- **Your assignment**
Gather all lines in the entries below that include the word "Home".

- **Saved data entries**

* * * *

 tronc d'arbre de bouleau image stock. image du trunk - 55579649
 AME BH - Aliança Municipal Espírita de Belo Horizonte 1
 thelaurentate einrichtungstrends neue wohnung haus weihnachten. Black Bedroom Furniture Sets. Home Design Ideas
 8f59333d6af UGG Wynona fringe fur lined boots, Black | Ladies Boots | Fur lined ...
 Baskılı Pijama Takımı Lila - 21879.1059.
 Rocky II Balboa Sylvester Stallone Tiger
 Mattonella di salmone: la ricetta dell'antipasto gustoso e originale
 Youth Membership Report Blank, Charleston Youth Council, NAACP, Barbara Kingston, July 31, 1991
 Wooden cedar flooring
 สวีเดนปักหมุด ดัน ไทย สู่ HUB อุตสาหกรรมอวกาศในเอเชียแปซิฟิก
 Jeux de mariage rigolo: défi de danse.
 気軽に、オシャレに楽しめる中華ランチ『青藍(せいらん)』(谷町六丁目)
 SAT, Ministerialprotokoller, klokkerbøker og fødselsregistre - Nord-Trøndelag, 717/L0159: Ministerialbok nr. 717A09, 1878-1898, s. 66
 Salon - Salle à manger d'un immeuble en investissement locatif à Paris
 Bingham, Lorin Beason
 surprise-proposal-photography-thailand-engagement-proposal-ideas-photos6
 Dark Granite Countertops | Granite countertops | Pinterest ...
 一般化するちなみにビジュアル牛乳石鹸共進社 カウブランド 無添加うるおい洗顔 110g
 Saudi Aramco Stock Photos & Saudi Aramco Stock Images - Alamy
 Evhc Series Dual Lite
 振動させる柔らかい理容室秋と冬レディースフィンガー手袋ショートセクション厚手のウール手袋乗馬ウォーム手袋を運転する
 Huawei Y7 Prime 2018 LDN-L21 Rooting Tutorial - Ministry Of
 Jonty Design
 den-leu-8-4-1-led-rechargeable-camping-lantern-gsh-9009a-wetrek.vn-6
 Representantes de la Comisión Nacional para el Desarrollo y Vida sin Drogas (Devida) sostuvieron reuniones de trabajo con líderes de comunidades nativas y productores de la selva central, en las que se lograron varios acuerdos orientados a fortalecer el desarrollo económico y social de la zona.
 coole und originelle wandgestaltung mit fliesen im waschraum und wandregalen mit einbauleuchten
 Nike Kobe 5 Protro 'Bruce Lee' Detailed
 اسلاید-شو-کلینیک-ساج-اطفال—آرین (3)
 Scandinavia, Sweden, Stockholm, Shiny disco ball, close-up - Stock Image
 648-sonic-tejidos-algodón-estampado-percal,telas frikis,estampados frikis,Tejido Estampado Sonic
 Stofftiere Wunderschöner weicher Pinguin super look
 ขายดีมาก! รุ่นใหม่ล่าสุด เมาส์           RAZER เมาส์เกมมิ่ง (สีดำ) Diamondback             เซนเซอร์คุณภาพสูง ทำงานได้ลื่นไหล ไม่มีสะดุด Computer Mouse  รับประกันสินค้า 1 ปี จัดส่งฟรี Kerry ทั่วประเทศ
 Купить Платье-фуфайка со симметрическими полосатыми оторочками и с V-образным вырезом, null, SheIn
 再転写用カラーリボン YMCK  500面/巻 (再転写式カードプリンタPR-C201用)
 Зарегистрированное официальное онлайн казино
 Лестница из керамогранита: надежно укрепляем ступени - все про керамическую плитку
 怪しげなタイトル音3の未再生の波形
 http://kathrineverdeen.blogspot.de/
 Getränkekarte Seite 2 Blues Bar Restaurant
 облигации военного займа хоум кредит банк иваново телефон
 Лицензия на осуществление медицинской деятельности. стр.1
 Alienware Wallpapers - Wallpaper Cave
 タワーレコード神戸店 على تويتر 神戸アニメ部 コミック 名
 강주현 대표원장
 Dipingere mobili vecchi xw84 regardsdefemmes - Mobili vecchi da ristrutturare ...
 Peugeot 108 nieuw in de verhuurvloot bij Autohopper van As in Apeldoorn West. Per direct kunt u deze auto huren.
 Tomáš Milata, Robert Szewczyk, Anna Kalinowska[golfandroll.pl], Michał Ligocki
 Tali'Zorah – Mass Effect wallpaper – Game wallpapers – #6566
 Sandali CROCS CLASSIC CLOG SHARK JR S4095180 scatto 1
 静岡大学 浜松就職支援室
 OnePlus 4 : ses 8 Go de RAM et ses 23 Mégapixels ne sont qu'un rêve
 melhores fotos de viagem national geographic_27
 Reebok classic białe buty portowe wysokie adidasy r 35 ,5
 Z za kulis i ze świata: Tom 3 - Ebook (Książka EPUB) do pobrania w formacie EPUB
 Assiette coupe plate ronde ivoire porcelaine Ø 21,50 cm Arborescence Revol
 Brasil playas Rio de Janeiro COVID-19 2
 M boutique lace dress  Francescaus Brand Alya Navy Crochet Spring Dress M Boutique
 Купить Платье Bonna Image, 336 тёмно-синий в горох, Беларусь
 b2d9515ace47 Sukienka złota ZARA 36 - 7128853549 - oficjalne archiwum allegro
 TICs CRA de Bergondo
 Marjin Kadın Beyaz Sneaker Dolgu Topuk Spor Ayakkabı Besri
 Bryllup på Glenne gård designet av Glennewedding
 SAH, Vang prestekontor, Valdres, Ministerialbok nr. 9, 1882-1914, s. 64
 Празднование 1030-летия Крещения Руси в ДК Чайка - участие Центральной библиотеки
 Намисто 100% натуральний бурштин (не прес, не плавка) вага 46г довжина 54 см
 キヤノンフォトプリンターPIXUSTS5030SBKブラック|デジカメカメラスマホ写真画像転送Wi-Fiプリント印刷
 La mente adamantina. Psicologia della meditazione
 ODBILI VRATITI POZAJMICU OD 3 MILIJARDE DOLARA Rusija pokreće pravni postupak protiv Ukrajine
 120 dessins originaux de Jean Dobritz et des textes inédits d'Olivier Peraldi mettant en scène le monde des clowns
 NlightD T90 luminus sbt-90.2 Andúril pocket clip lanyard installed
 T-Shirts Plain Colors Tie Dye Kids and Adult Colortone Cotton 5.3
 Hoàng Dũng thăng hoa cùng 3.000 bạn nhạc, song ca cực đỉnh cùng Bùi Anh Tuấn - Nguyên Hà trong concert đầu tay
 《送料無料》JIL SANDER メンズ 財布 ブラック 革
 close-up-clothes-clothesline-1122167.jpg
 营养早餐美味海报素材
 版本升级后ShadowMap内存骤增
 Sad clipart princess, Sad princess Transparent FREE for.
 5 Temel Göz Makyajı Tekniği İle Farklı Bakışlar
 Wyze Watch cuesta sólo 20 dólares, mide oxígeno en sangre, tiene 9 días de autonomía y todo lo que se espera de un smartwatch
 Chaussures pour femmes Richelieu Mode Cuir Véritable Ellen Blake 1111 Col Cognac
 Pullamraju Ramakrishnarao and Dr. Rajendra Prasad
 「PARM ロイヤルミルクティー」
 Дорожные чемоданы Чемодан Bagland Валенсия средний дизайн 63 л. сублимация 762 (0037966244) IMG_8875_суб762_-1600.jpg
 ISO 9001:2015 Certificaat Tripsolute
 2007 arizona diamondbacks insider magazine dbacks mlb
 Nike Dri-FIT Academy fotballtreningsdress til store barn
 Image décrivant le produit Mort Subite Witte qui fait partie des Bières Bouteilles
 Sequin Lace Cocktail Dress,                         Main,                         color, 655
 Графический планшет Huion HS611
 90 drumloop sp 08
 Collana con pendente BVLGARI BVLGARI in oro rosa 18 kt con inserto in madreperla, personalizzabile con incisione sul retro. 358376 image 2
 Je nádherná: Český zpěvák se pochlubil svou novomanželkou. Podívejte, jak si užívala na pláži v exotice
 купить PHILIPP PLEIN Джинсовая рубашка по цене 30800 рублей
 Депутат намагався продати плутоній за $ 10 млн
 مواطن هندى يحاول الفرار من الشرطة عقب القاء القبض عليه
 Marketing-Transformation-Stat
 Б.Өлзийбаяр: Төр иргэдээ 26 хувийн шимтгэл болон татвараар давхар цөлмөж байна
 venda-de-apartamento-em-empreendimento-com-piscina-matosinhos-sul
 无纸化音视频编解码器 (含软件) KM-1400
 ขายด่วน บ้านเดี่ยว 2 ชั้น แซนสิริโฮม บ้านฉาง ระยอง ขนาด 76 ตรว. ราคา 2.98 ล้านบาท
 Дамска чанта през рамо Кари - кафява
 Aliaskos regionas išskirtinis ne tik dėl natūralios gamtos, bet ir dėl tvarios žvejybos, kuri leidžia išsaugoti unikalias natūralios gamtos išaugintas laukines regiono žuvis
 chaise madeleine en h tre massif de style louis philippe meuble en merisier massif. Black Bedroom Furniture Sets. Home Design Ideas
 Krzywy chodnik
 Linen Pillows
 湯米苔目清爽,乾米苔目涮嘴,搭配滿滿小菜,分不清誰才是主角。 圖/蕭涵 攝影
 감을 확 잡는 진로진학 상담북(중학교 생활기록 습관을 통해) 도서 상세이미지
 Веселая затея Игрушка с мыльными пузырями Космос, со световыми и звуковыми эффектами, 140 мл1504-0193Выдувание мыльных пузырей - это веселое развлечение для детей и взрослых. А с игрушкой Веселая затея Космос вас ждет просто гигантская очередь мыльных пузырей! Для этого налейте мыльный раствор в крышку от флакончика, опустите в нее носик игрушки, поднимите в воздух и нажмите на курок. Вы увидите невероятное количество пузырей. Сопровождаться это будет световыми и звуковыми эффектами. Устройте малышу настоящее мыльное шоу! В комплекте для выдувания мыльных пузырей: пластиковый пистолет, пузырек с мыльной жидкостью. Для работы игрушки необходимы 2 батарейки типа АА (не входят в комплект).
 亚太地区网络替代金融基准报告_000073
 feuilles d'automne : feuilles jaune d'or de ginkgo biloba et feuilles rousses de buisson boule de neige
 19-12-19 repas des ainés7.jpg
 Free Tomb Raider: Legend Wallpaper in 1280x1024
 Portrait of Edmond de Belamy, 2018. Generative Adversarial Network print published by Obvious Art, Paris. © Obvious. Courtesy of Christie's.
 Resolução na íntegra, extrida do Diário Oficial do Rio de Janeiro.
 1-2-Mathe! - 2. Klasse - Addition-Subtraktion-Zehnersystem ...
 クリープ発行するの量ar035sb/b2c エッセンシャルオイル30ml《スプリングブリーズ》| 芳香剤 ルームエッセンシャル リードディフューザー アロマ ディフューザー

* * * *

- **Task result**
 thelaurentate einrichtungstrends neue wohnung haus weihnachten. Black Bedroom Furniture Sets. Home Design Ideas
 chaise madeleine en h tre massif de style louis philippe meuble en merisier massif. Black Bedroom Furniture Sets. Home Design Ideas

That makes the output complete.